Apart from the pictures, everything in the lines below must be printed exactly.

DATA EXCERPT:
[Start of Attachment]

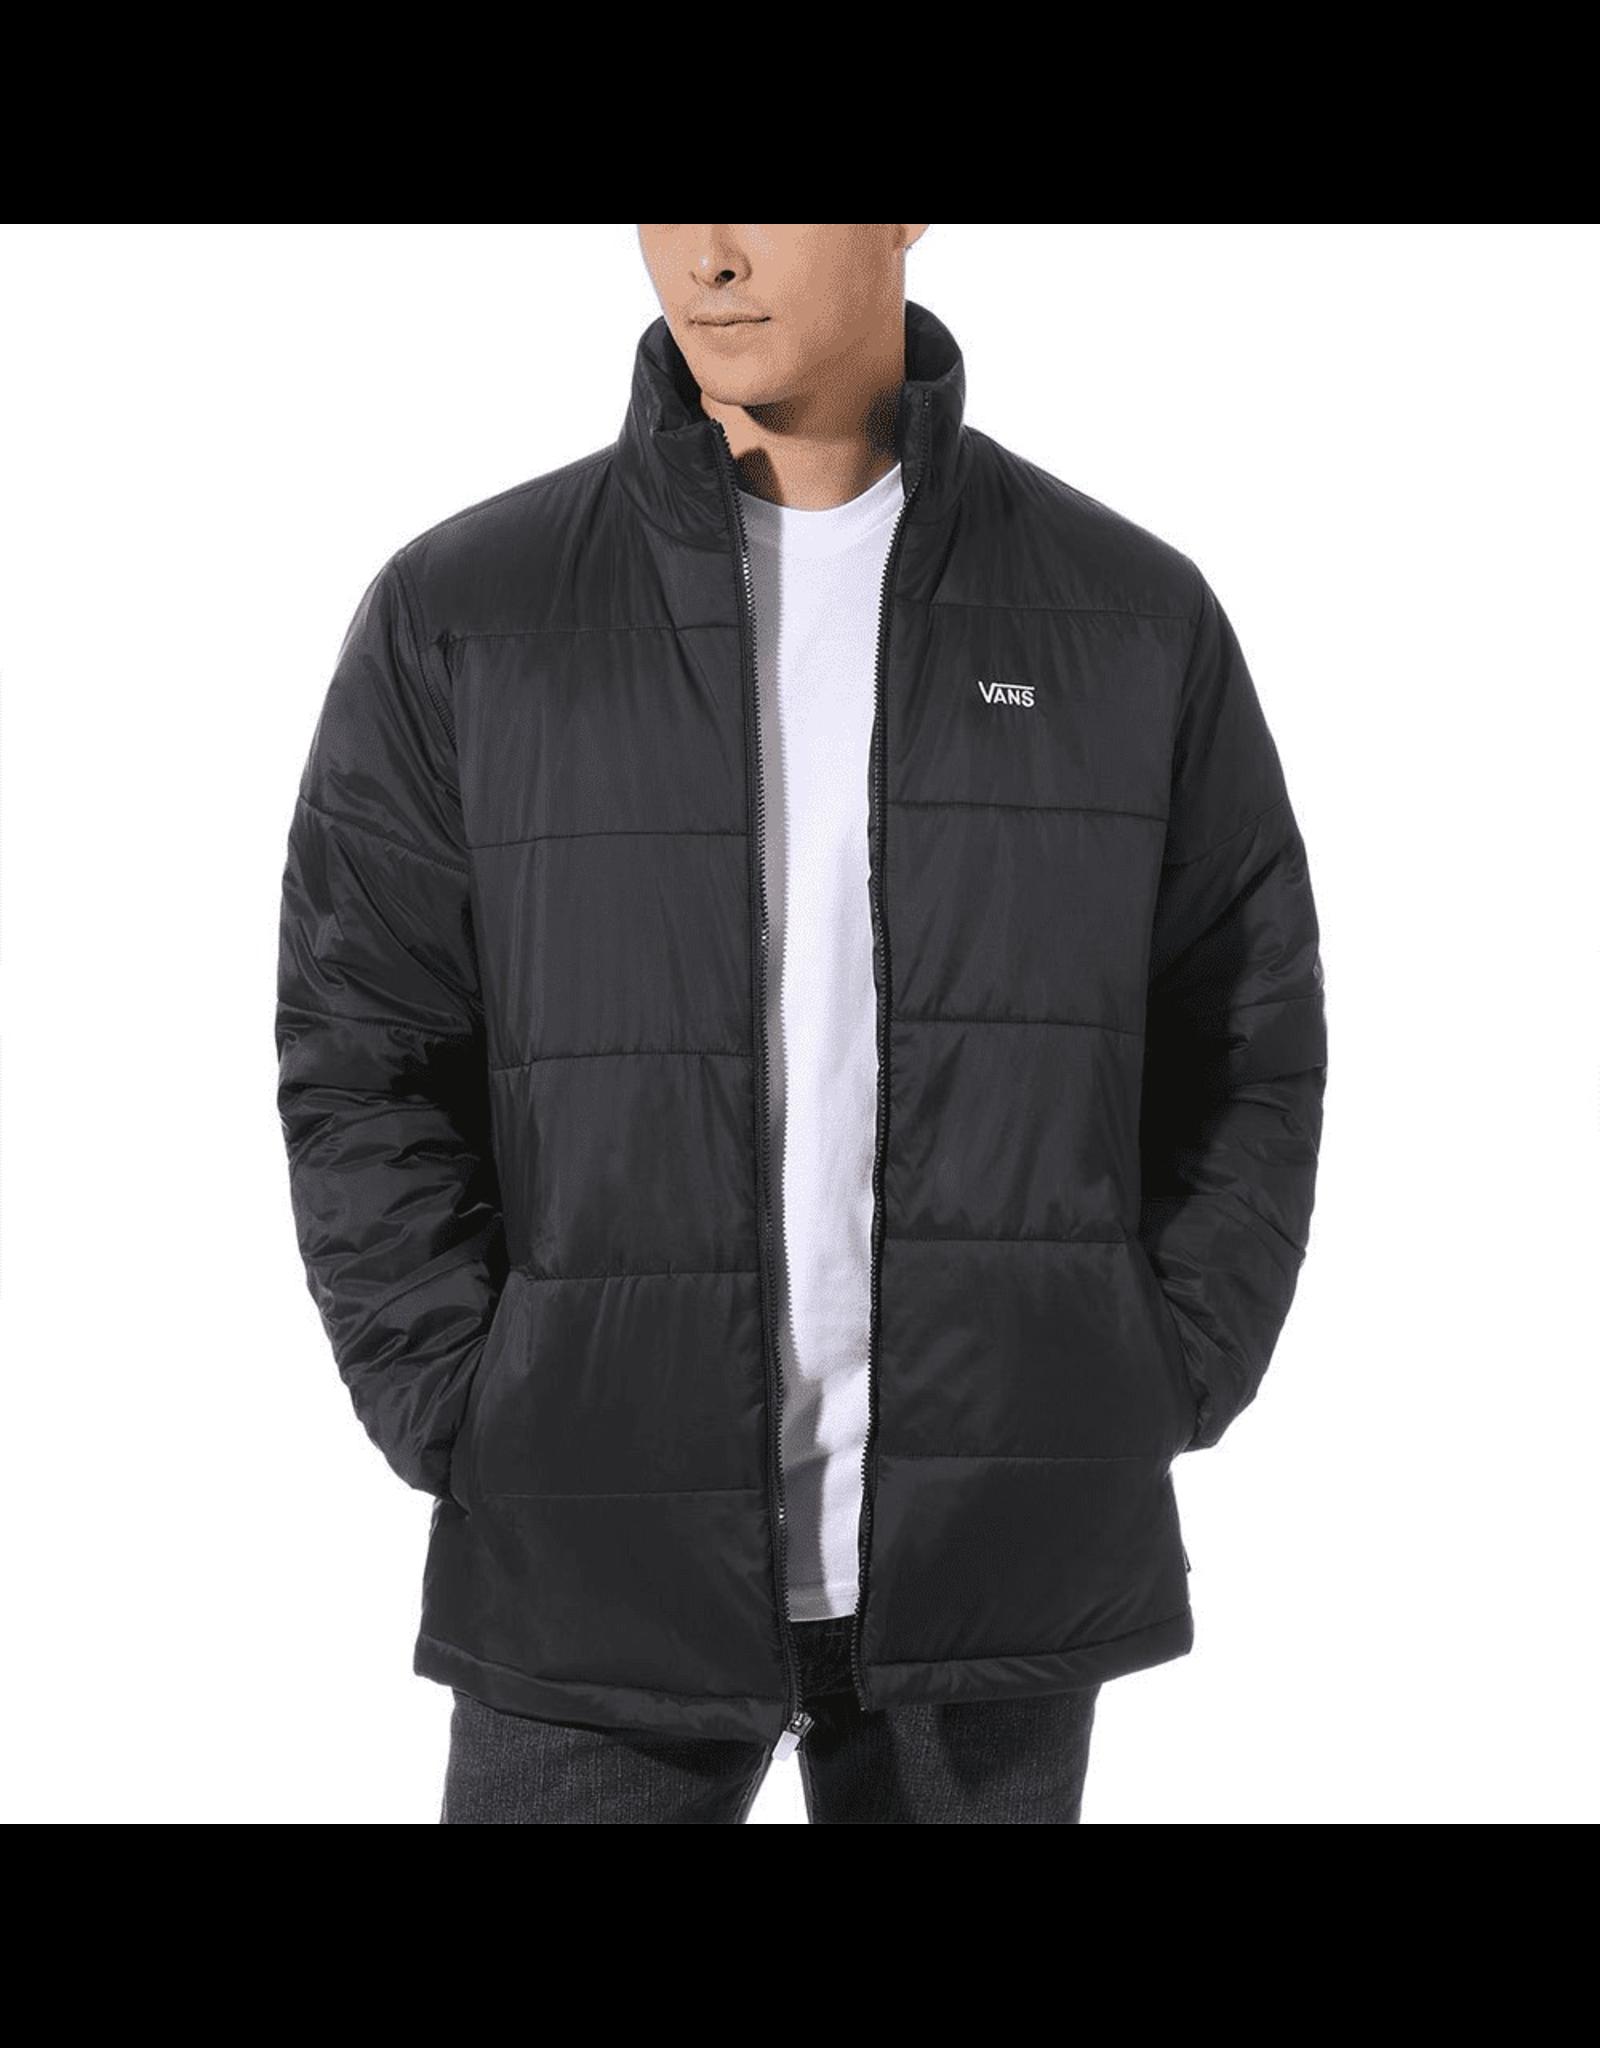 Vans Layton Jacket
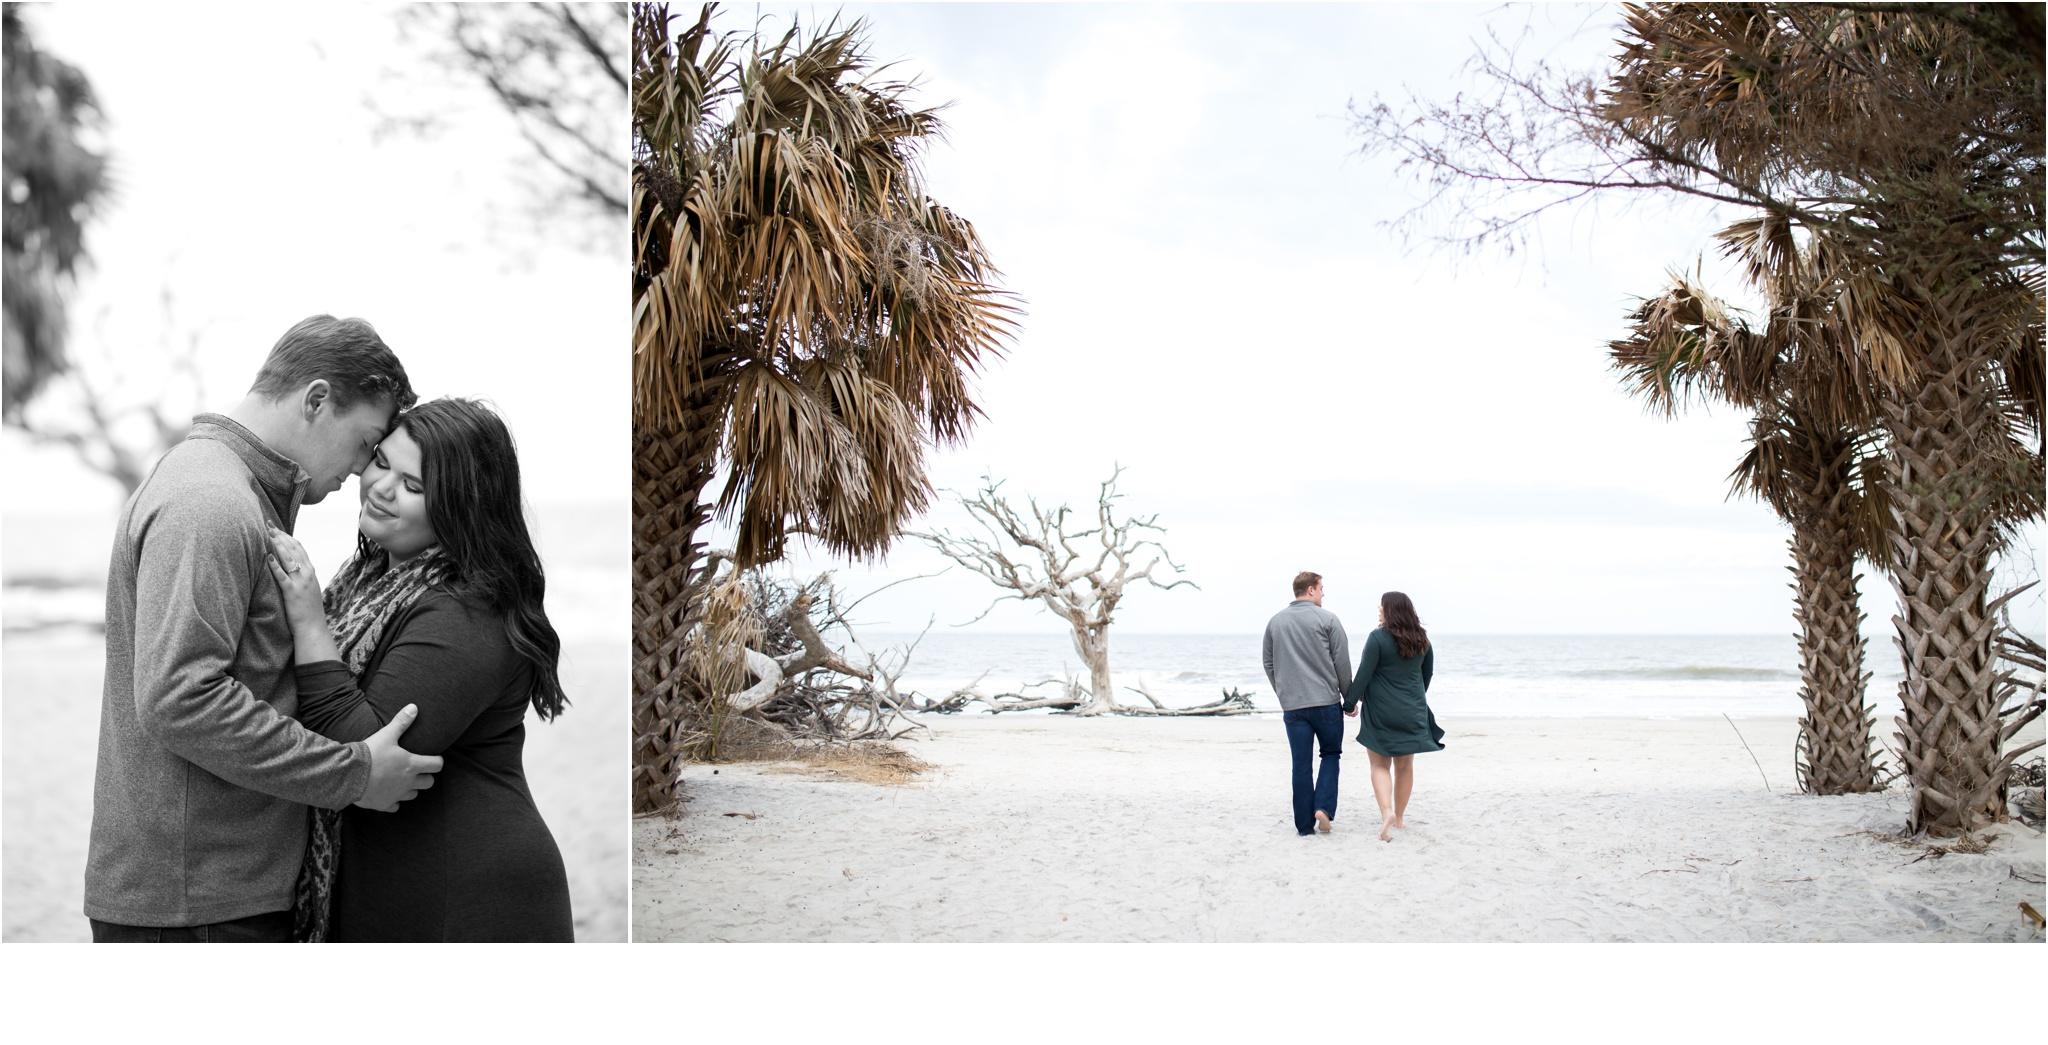 Rainey_Gregg_Photography_St._Simons_Island_Georgia_California_Wedding_Portrait_Photography_0589.jpg
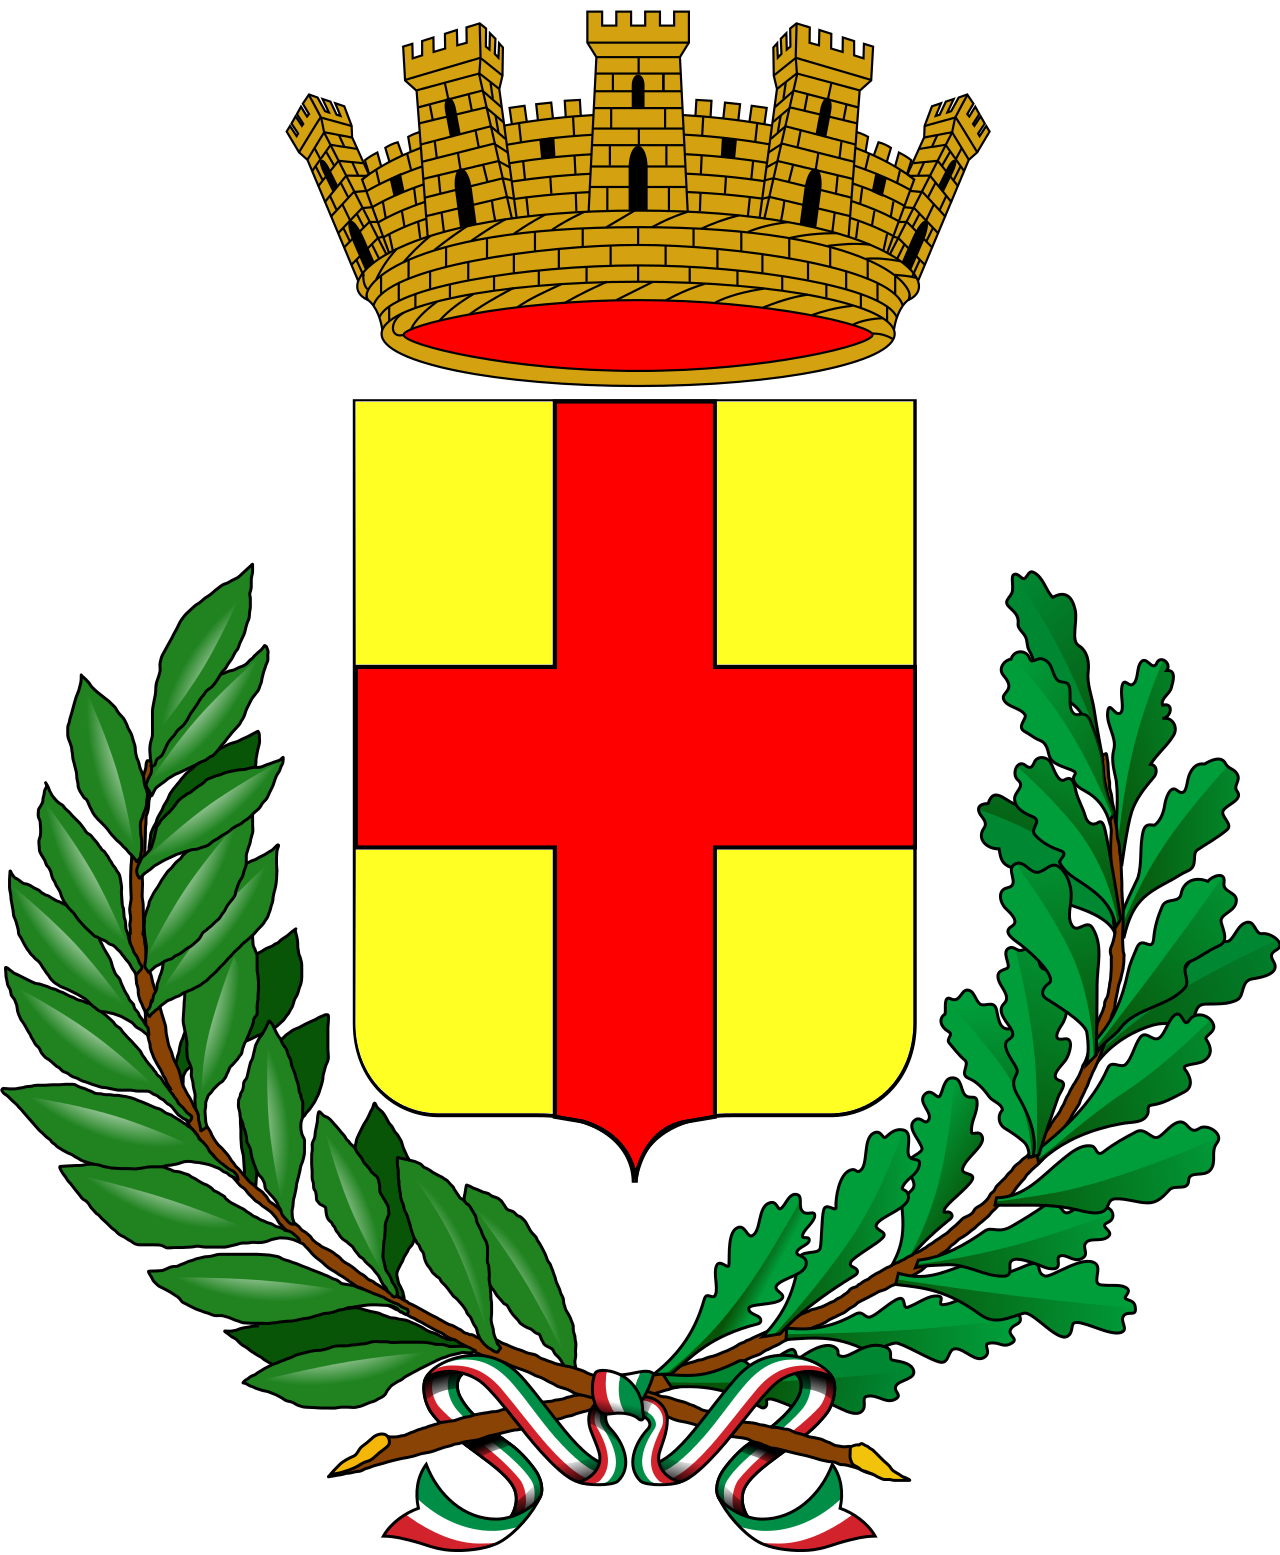 upload.wikimedia.org/wikipedia/commons/5/5a/CoA_Comune_di_Albenga.png

[End of Attachment]

SOLUTION:
 Vans Layton Jacket
 Rainey_Gregg_Photography_St._Simons_Island_Georgia_California_Wedding_Portrait_Photography_0589.jpg
 upload.wikimedia.org/wikipedia/commons/5/5a/CoA_Comune_di_Albenga.png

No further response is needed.